Days after that declaration was signed, Prime Minister Benjamin Netanyahu announced that Israel had rescinded its opposition to the US sale of F-35s to the UAE. The issue cause controversy in Israel with Gantz accusing Netanyahu of hiding the negotiations over the F-35s from him and the military. Netanyahu denied this.

Later in the call, Blinken lauded the Israel-UAE normalization agreement that was simultaneous with the proposed sale of the jets.

Biden “was very clear that having Arab countries recognize Israel, normalized with Israel, is a positive step that we should support and applaud,” Blinken said.

US Deputy Secretary of State Antony Blinken arrives on Capitol Hill in Washington, Thursday, Sept. 29, 2016, to testify before the Senate Foreign Relations Committee hearing on Syria. (AP Photo/Jose Luis Magana)

Commenting on the possibility of Saudi Arabia normalizing relations with Israel as well, Blinken told the Jewish Insider in a separate interview that a Biden administration plans to “undertake a strategic review” of the US relationship with Riyadh “to make sure that it is truly advancing our interests and is consistent with our values.

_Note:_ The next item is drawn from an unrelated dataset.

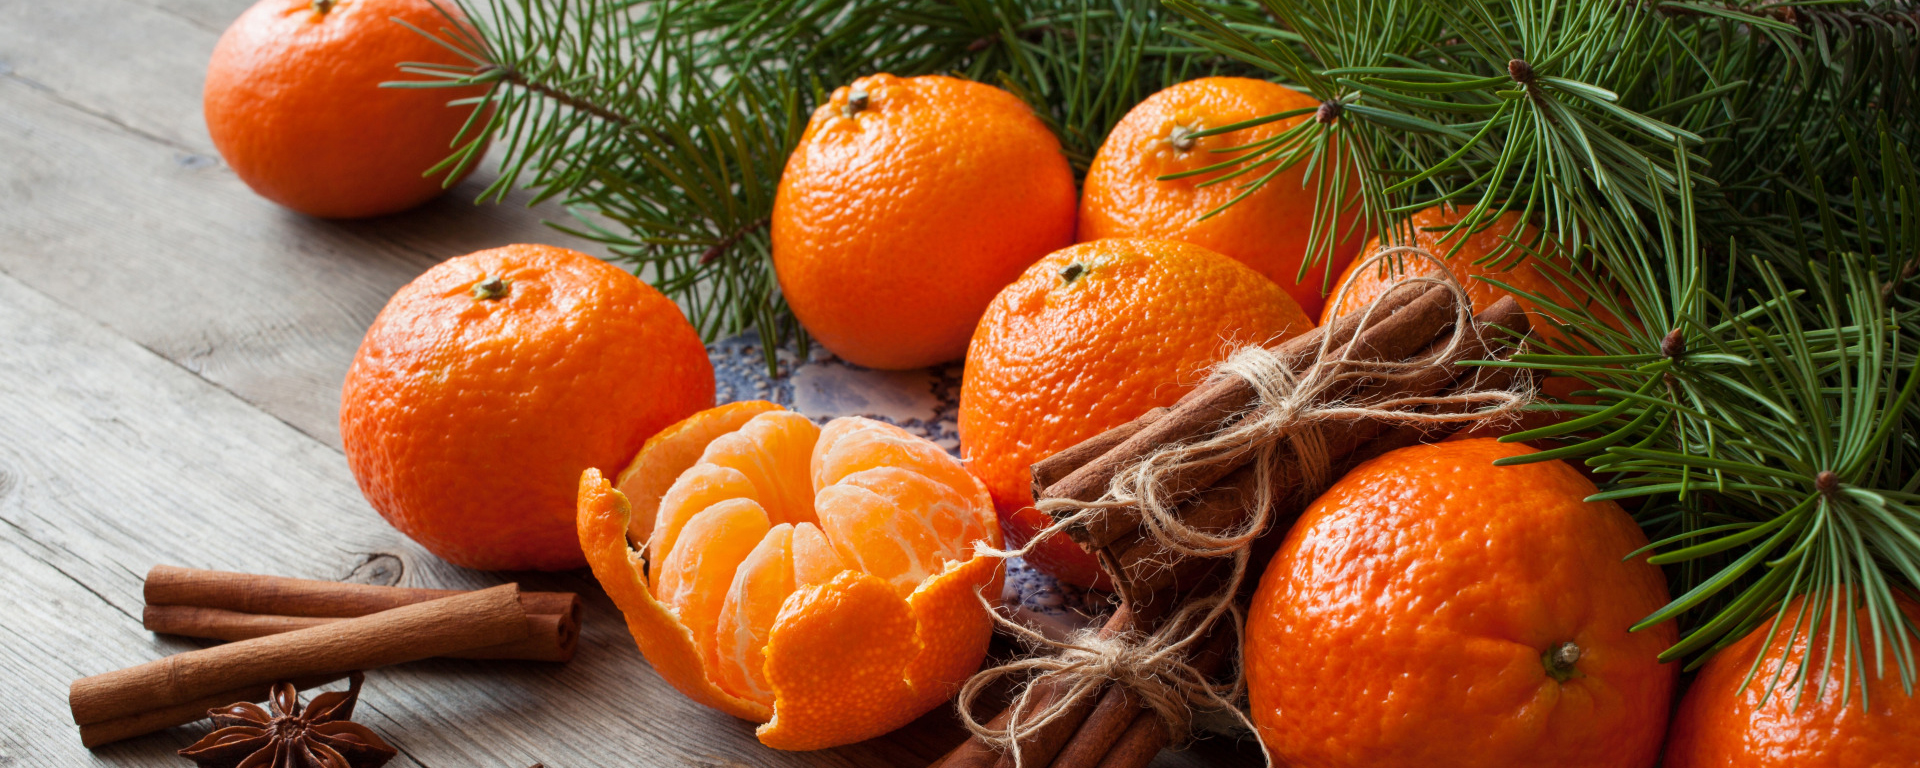 Мандарин мороз. Апельсин и корица. Мандарины новый год. Мандарины и корица. Новый год мандарины апельсины.

But beyond that there is not much I can say at this point.”

Frustration with Saudi Arabia has grown in Washington in recent years, particularly among Democrats over the Saudi military campaign in Yemen and the brutal 2018 killing of journalist Jamal Khashoggi.

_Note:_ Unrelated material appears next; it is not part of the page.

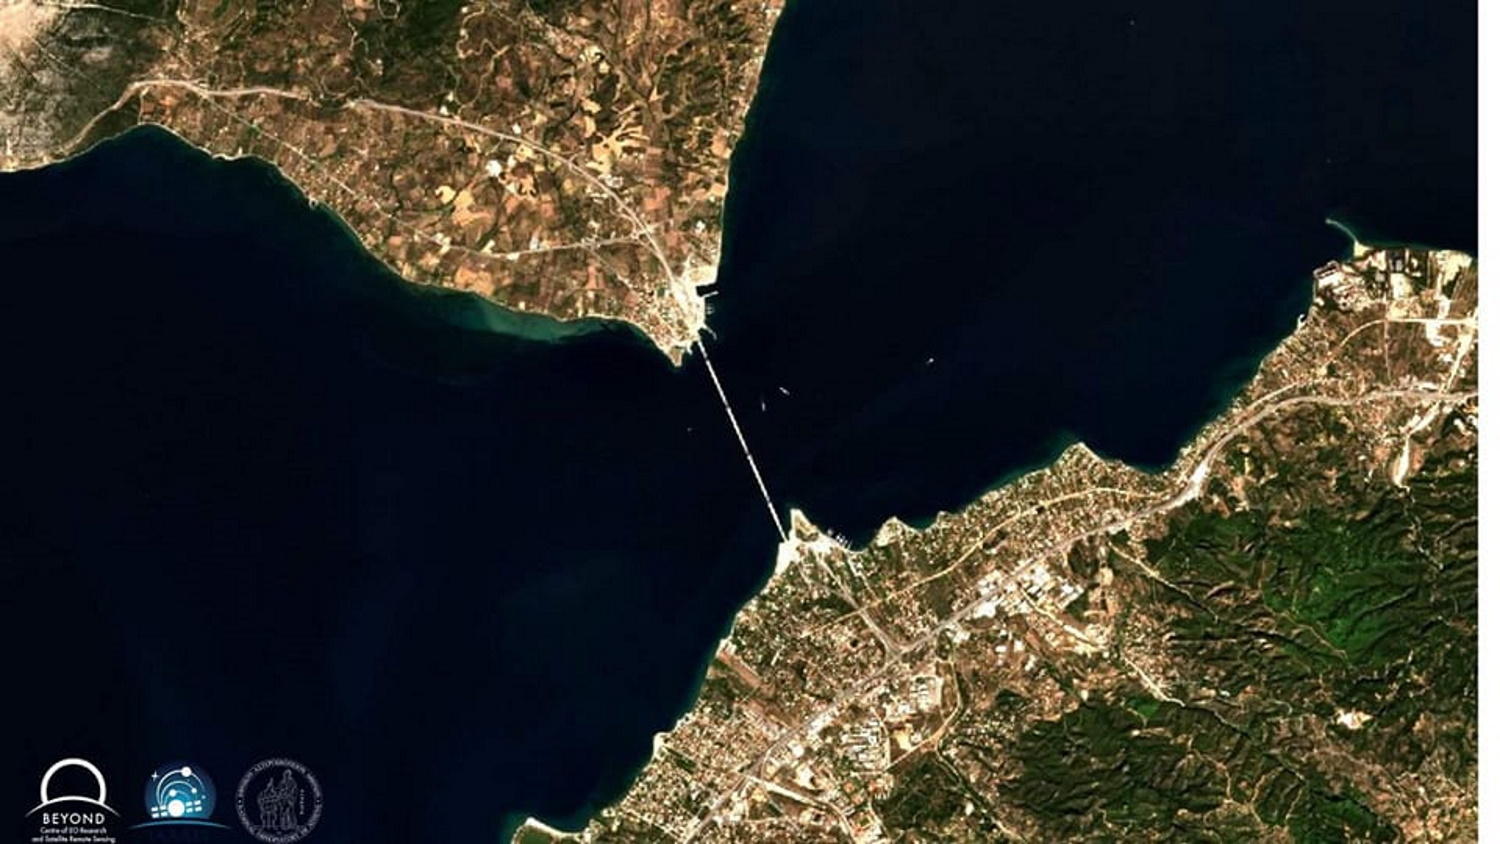 Γέφυρα Ρίου – Αντιρρίου: Εντυπωσιακή εικόνα από τον δορυφόρο του Copernicus

Blinken expressed hope that as more Arab countries normalize relations with Israel, Jerusalem will feel more secure and willing to also advance the peace process with the Palestinians as well — a view contradictory to that of the Palestinian Authority, which has maintained that only following peace with the Palestinians, can Israel then normalize with the rest of the Arab world.

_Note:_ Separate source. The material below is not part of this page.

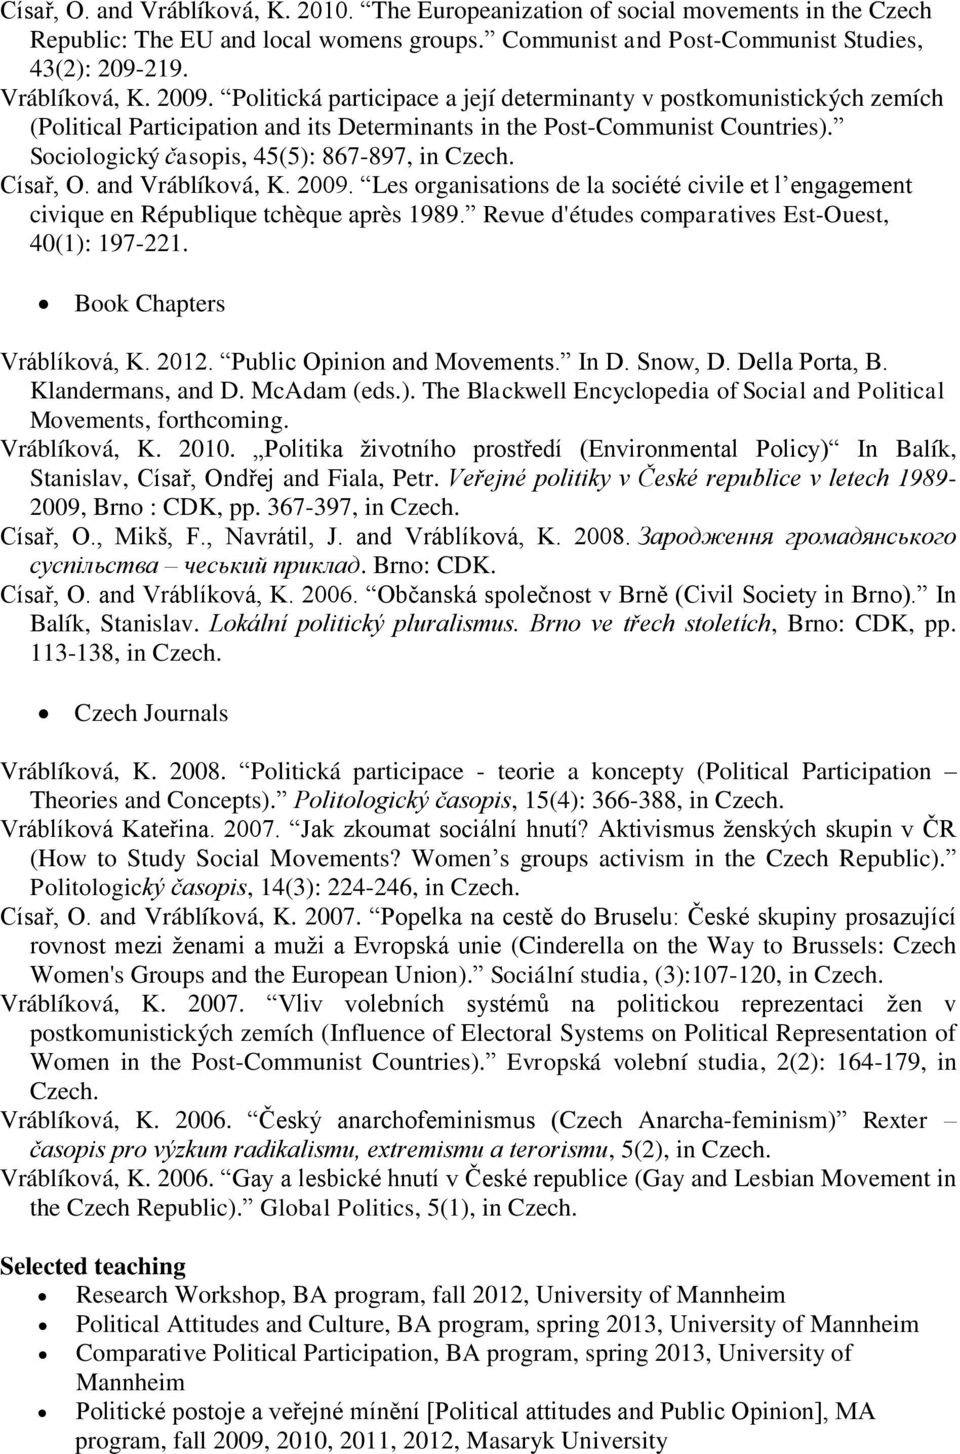 Císař, O. and Vráblíková, K. 2009. Les organisations de la société civile et l engagement civique en République tchèque après 1989. Revue d'études comparatives Est-Ouest, 40(1): 197-221.

US President Donald Trump said Tuesday that there are up to 10 countries that he expects to soon normalize relations with Israel, but that the developments would largely happen after next week’s presidential elections.

The foreign policy adviser said that additional normalization agreements may also be able to “send a message to the Palestinians that they have to actually engage, negotiate in a meaningful way.”

“Ignoring the Israel-Palestine dimension doesn’t make it go away — like the coronavirus, it’s not going to miraculously disappear,” Blinken said. “Of course this is not 2009, it’s not 2014, it’s not 2017. The parties are far from ready for any kind of negotiations toward final status. Right now, it’s hard to know exactly what situation the Biden administration would inherit. But I think, at the very least, [Biden] would want to make sure that neither side set back even further the prospects for eventually getting to negotiations.”

Also in the interview, Blinken reiterated the intentions of a Biden administration to re-enter the Obama-brokered Iran nuclear deal if Tehran returns to complying with it.

However, he reassured that even if Iran returns, leading to an easing of nuclear-related sanctions, a Biden administration would still keep non-nuclear related sanctions in place as “a strong hedge against Iranian misbehavior in other areas.”